Ela cantou, cantou e vibrou no ar
Flora Tenense
Sem querer dizer nada, Flora se fechou em quatro paredes, sua carta de amor e um radinho de pilha velho. Ela chorou por alguns minutos, se refez e passou a cantarolar uma musiquinha só com as vogais. Num vestido de margaridas meio velhas, ela limpava suas mãos molhadas e começou a reler a carta. Manchando todas as linhas de caneta bic com suas gotinhas, ela tentava encontrar uma razão pra tudo aquilo acontecer. Estava apaixonada e completamente assustada. Não entendia o que andava acontecendo e se podia continuar sentindo aquilo. Ligou o radinho que tocava um final de música brega e iniciava uma narração de uma longa história sobre um peixe dourado. Era domingo e mesmo o cachimbo sendo de ouro, Flora sabia que não havia pra onde ir, tinha que esperar por ele. Na carta, ele explicava que tinha um plano e que já estava resolvendo todos os detalhes. Ela preparou sua pequena mala vermelha que usou numa viagem pro interior e lacrou ela com fita durex. Nela, pôs duas calcinhas novas, par de meia, livro do Llosa, poeminhas pra viagem, uma fita k7 com coleções de romancinhos, um casaquinho e um par de sandálias franciscanas. Essas mesmas sandálias que seu amor lhe deu no aniversário do ano passado. Ela quer mostrar que ama, mostra com as sandálias. Coisas de ser humano.

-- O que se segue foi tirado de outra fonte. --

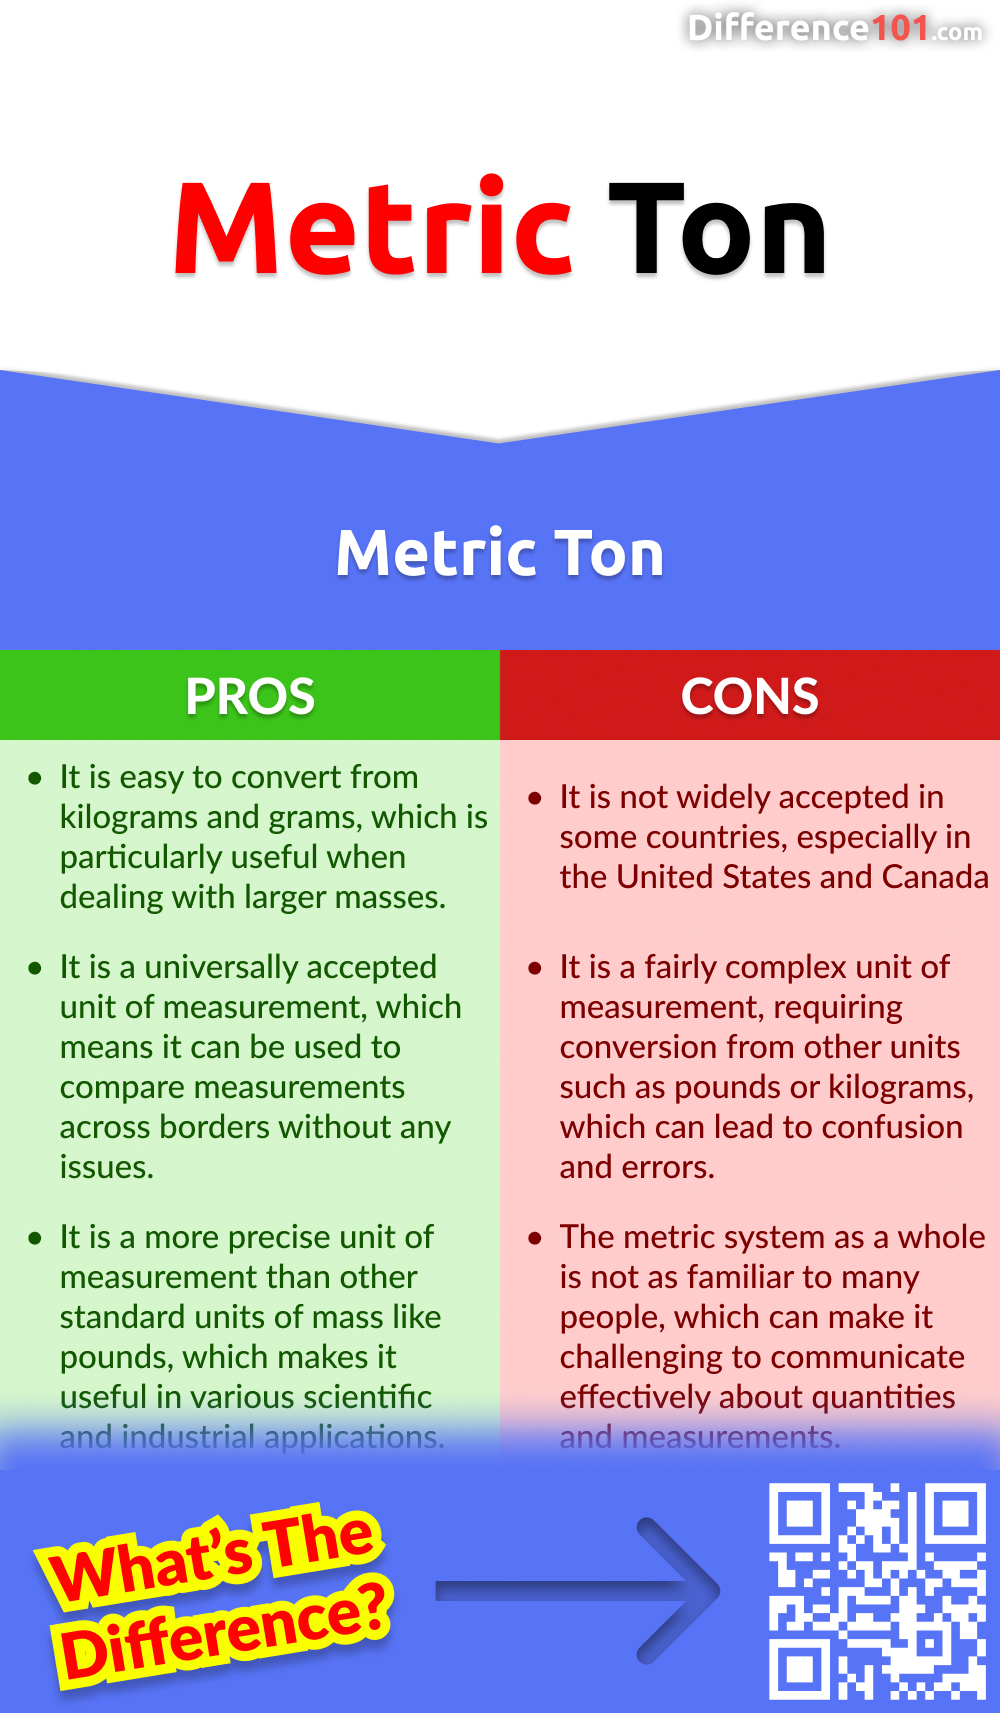 Metric Ton Pros & Cons

Meia noite, ele veio no Chevrolet do seu pai. O barulho do motor era absurdo. Ela trancou a porta da casa e entregou a chave. Flora fugira com seu padastro para longe do peito da mãe, que nunca soube o que acontecera com os dois. Com um sonífero de tarja preta, deixaram-na sonhando com os jantares das noites de sábado e os romancinhos de sofá no começo do namoro.